The complex table is reproduced below with the inclusion of a pentose unit attached to the core.

The ‘Bisecting’ check-box adds an N-acetylGalactosamine unit to the core unit, and the ‘Extra fucose’ check-box adds an extra pentose unit.

Clicking the ‘Glyco type’ button toggles to a list of high mannose (0 to 6 mannose units) and hybrid type glycosylations (mono and di- glycosylation arms +/- sialic acid and mannose).

The hybrid table is reproduced including a pentose unit.

i       Hint: The drop-down edit box can be edited to any peptide (cut and paste is also supported). This means that you can modify residues and are not limited to the peptides present in your digest. You may even enter a sequence without the N-glycosylation motif, although this will not have any biological relevance.

Please read Appendix C.6 for information on the core unit and individual monosaccharide unit masses.

Simulated mass spectrum

The simulated 'Theoretical mass spectrum' draws the masses of the current peptide list as a stick spectrum with a default mass range of 500 to 4500.

All the 'sticks' of the peptide list are drawn to the same height, 20%, of the window height. The 'sticks' are labeled with the peptide number from the list, and have a small error bar across them.

By pressing the 'Load peak table' button () you can load an experimental mass list (either a GPMAW .PKS, a PerSeptive GRAMS peak list, Bruker peak list, or a Hewlett Packard MALDI-TOF peak list) into the spectrum. The spectrum loaded will be drawn in a different color and will usually have both a mass and intensity defined for each peak. The experimental spectrum will be drawn in a relative scale.

The error bars on the theoretical spectrum allow for easy comparison of the two spectra.

The graph can be scaled, zoomed etc. like all graphs, please see Chapter 11.1 for details.

Charge vs. pH graph

The Charge vs. pH graph plots the charge of the selected peptide (shown in the window title) versus pH.

The x-scale shows the pH times 10 (e.g. 70 is pH 7.0) and the y-scale shows the charge times 100 (e.g. 250 is +2.5 charges).

The point where the graph crosses zero charges corresponds to the pI of the peptide. This value can vary slightly from the value reported in ‘Peptide info’ (se above) as the algorithms used for calculations are slightly different. The steepness of the graph as it crosses zero also indicates the confidence to put into the theoretical calculations.

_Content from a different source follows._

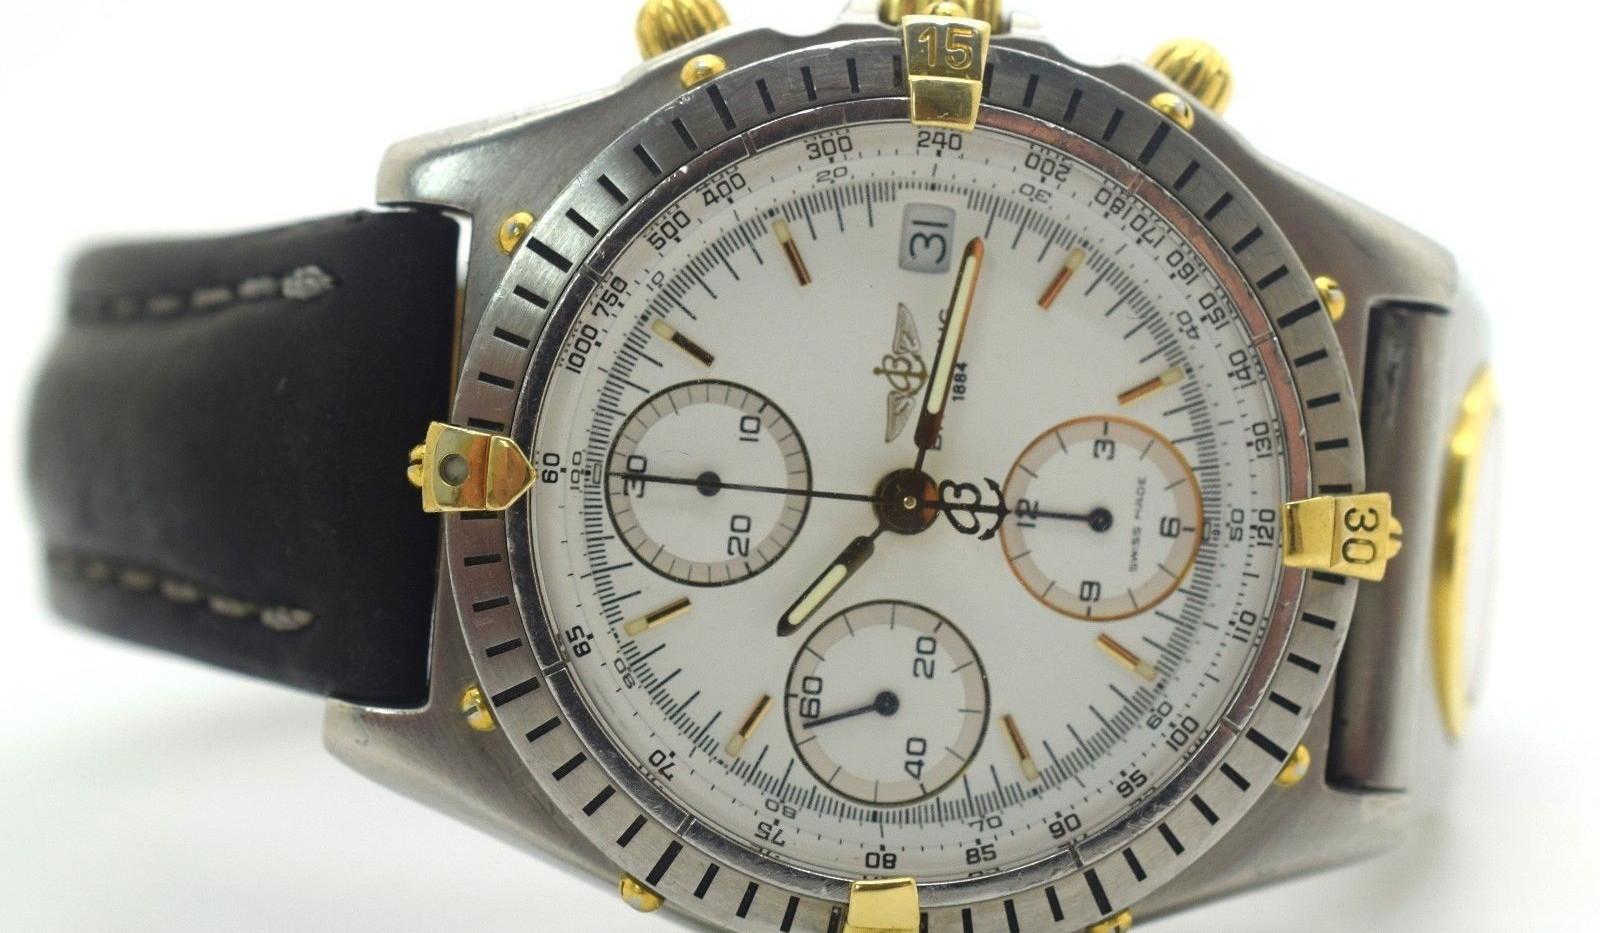 Breitling Chronomat Automatic Chronometer White Dial Dual Time Watch B13047

A peptide with a shallow crossover point is much more sensitive to the surroundings of the individual charges than a peptide with a steep crossover point.

Two graphs are displayed, one for the reduced and one for oxidized cysteine (there will only be a difference above the pI of Cys).

By pressing the ‘Multiple graphs’ button  you change the display to show all peptides in the digest. In the right hand pane you get a legend for the peptide and can turn the individual peptides on and off.

The graphs can be scaled, zoomed etc. like all graphs, please see Chapter 11.1.